FIG. 13 illustrates a block diagram of operations performed on the electronic device 10 by the compensation system 27 of FIG. 1 indicating one embodiment in which the compensation system 27 may provide compensated image data (e.g., gray level output 116) to the display pixels 54. Some of the operations performed on the electronic device 10 by the compensation system 27 of FIG. 1 are similar to the operations performed on the electronic device 10 by the compensation system 27 of FIG. 1 as indicated by FIG. 8.

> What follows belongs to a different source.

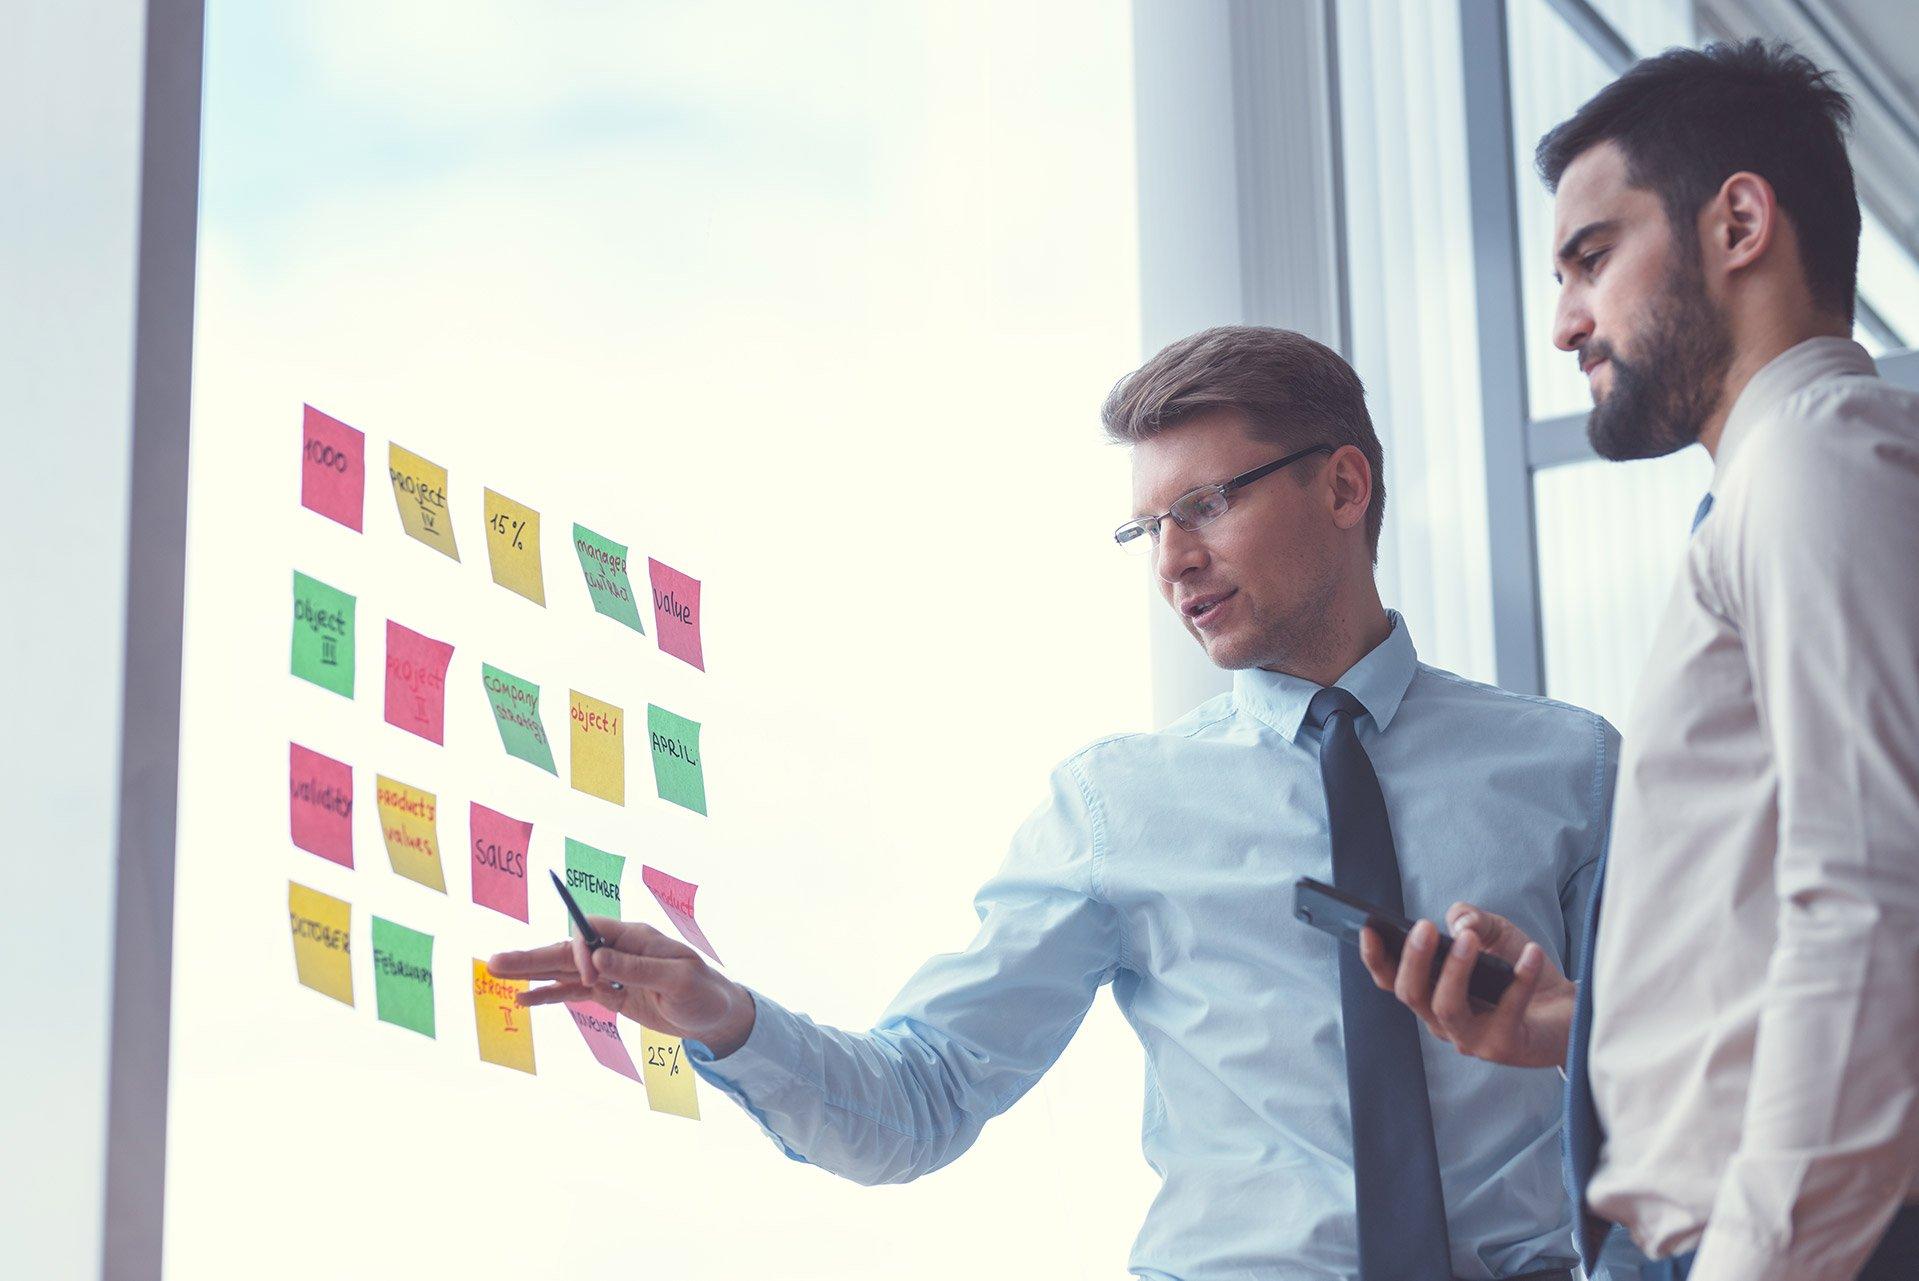 Equipo metodología agil

In the illustrated depiction of FIG. 13, the compensation system 27 includes a compensation map generator 220. During display operations of the electronic device 10, the compensation map generator 220 accesses, from the memory 20, the global compensation map 78 and the compressed per sub-pixel uniformity compensation map 84. The global compensation map(s) 78 corresponds to compensation data configured to be applied to 12×12 binning (block 221). Spatial interpolation is applied (block 222) to determine the global compensation voltage offset value that should be applied to first gray level data 102.

Once the compensation map generator 220 accesses the compressed per sub-pixel uniformity compensation map 84, data from the compressed local per sub-pixel uniformity compensation map 84 is retrieved and decompressed, via a decompressor 224 (e.g., decoder), to obtain (block 226) per sub-pixel compensation map for, as an example, an 8-bit panel. Spatial interpolation is then applied (block 228) to the per sub-pixel compensation map. The spatial interpolation component may smoothen and sharpen the display of the electronic device 10. The spatial interpolation may be applied to data from the per sub-pixel compensation map on a row by row basis or another suitable basis.

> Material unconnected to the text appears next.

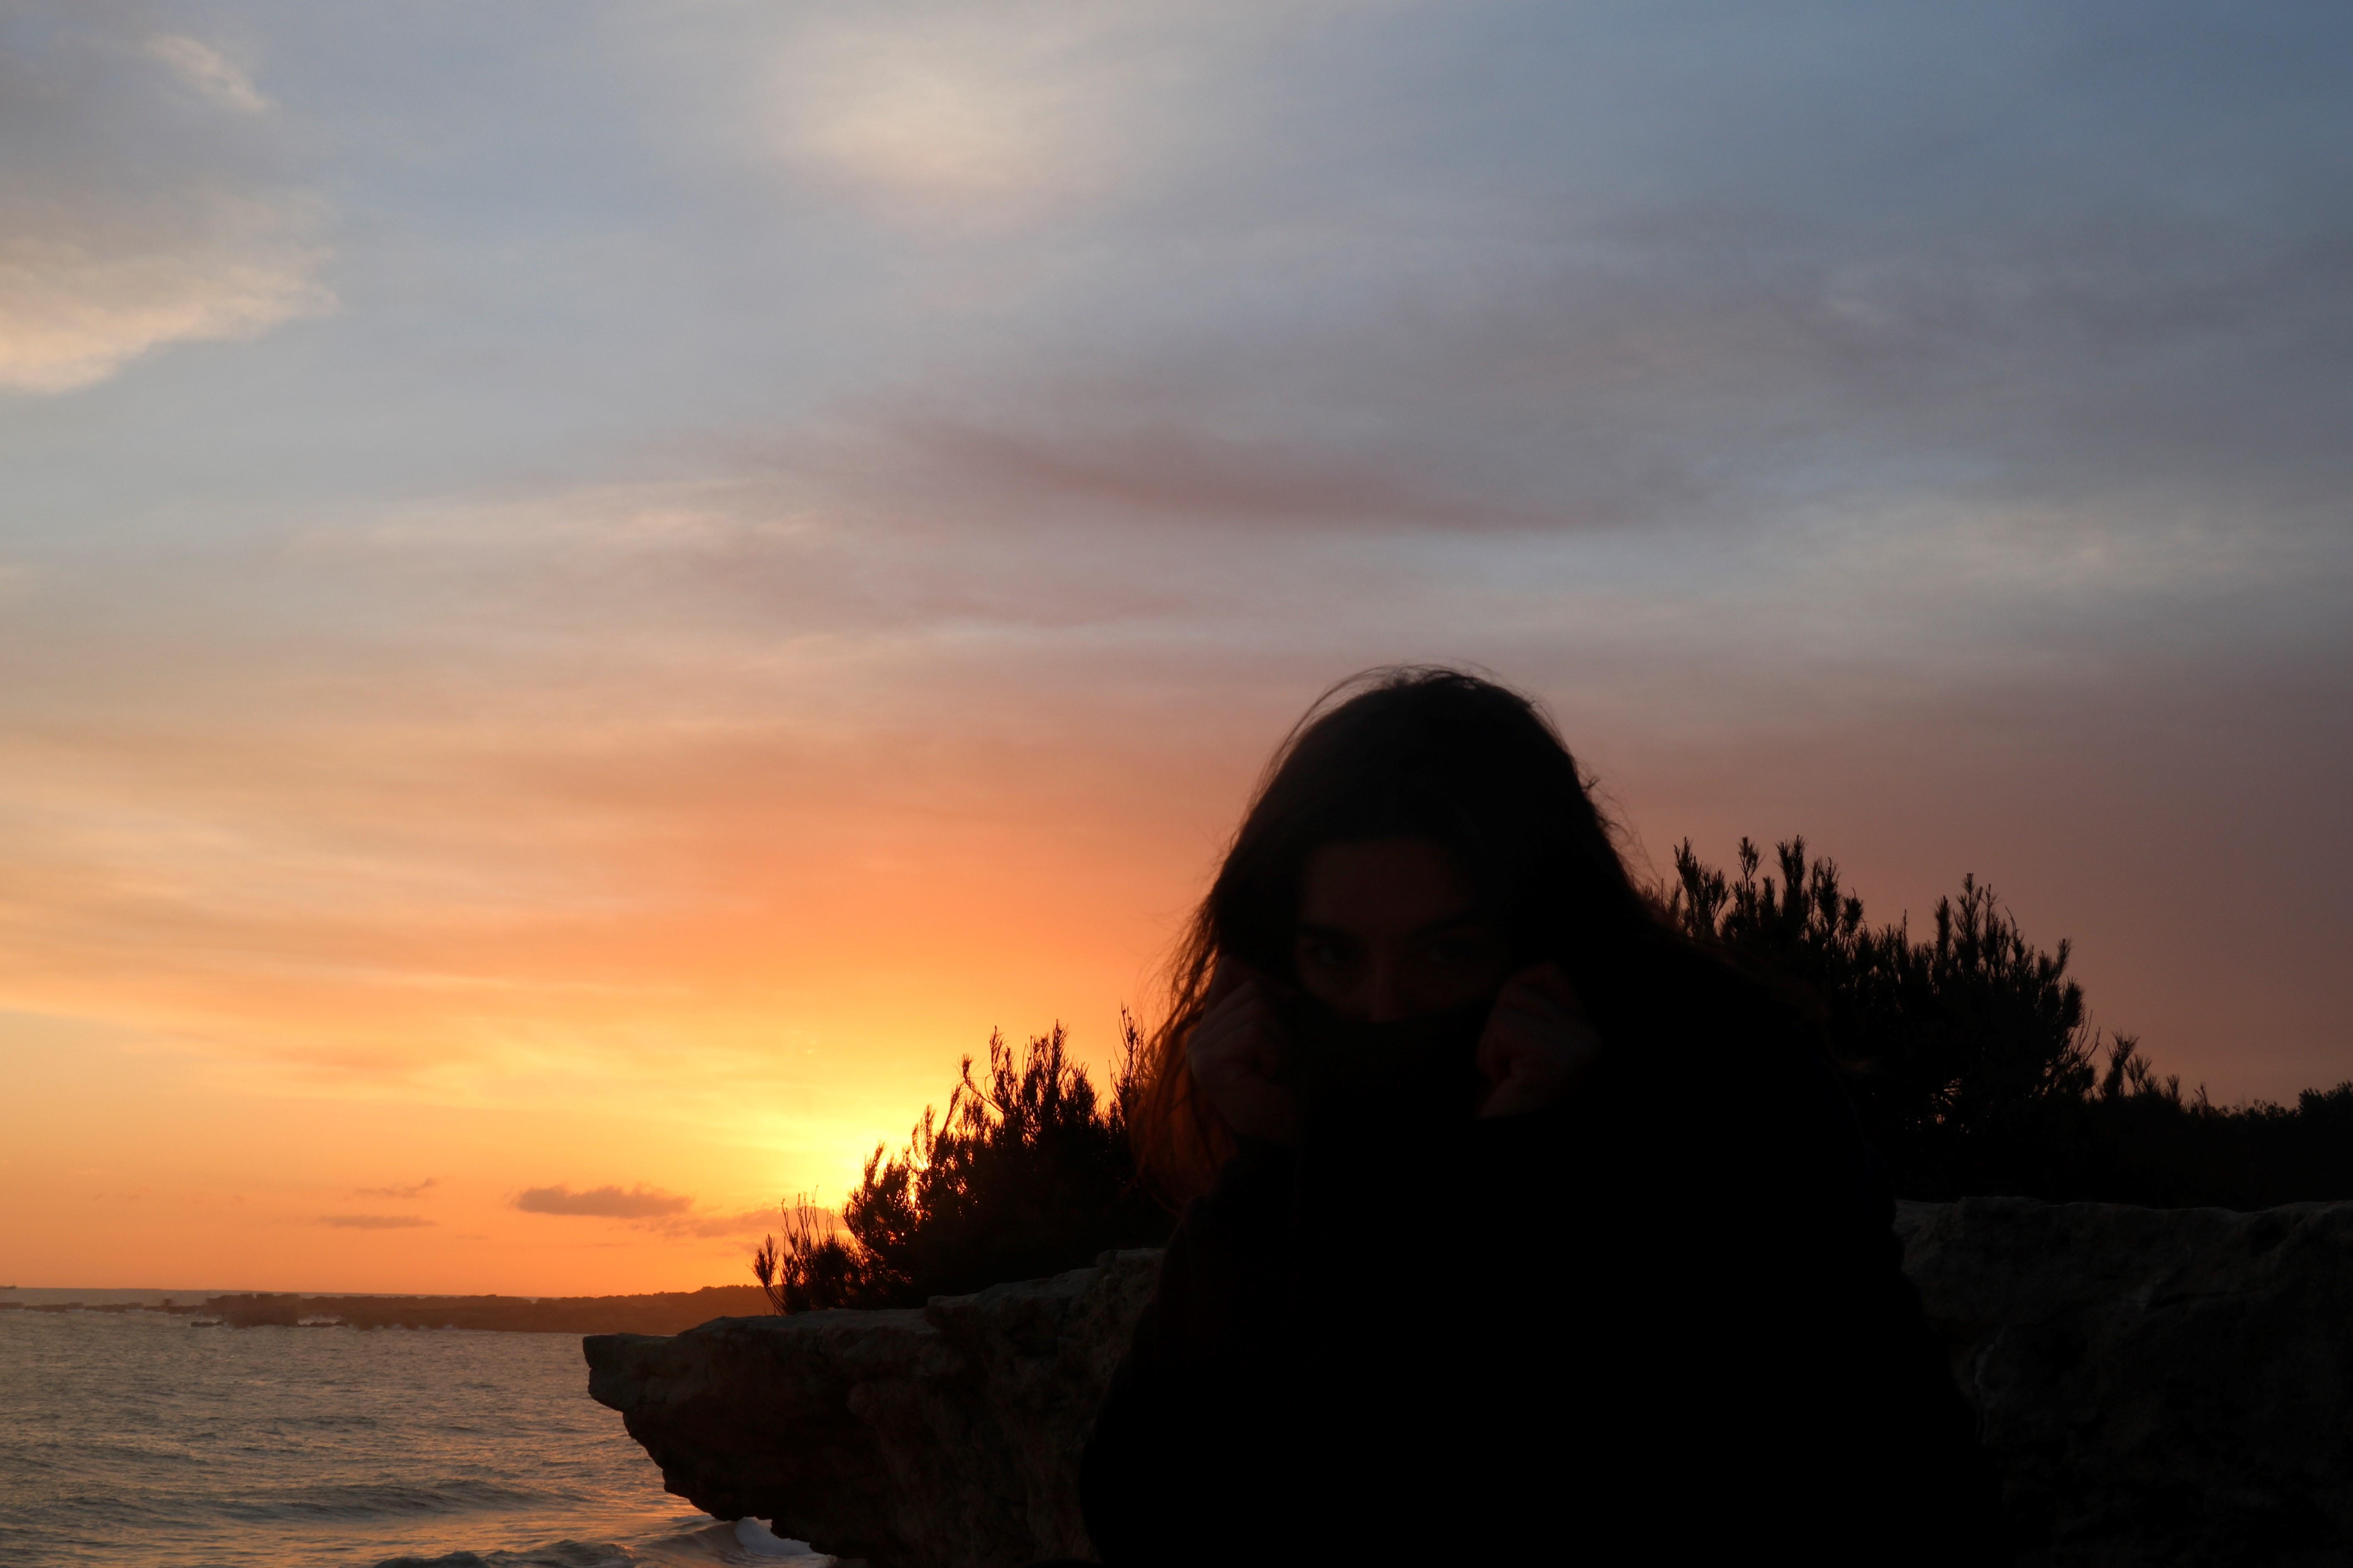 sunset orange méditerranée surfeuse

Finally, the local voltage compensation offset values are determined. The global compensation voltage offset values and the local voltage compensation offset values are then applied (block 230) on a per group pixel basis. For example, in some embodiments, the global compensation voltage offset values and the local voltage compensation offset values can be applied to a 1×1, 2×2, 4×4 binning, or higher binning.

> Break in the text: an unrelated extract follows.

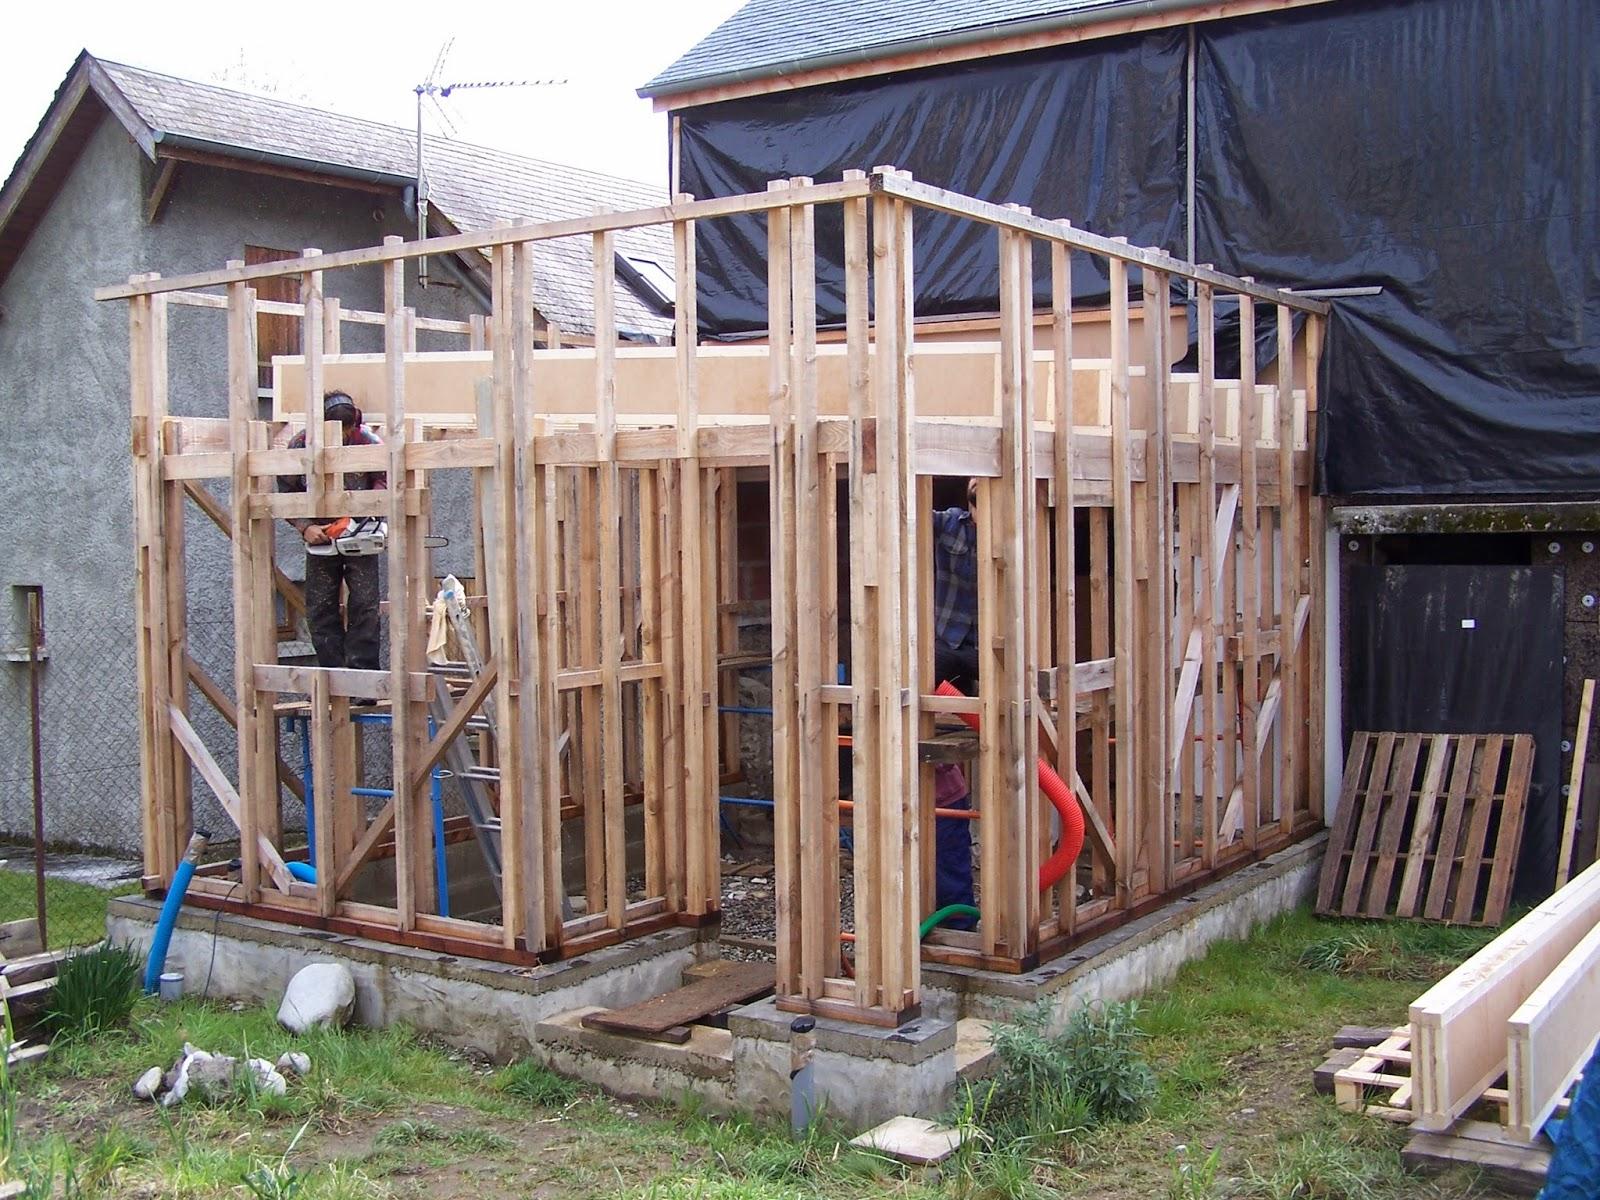 La petite maison du fond avril 2014 - Poutre espace ...

FIG. 14 illustrates a method 250 for generating the compressed per sub-pixel uniformity compensation map 84 (e.g., a compressed 1×1 sub-pixel uniformity compensation map), in accordance with an embodiment of the present disclosure. The method 250 includes compressing (block 252) a 1×1 sub-pixel uniformity compensation map (e.g., the local compensation map 76) to generate a compressed 1×1 sub-pixel uniformity compensation map. The method 250 includes uploading (block 254) the compressed per sub-pixel uniformity compensation map into a storage of a server and loading (block 256) the compressed local per sub-pixel uniformity compensation map onto an electronic device.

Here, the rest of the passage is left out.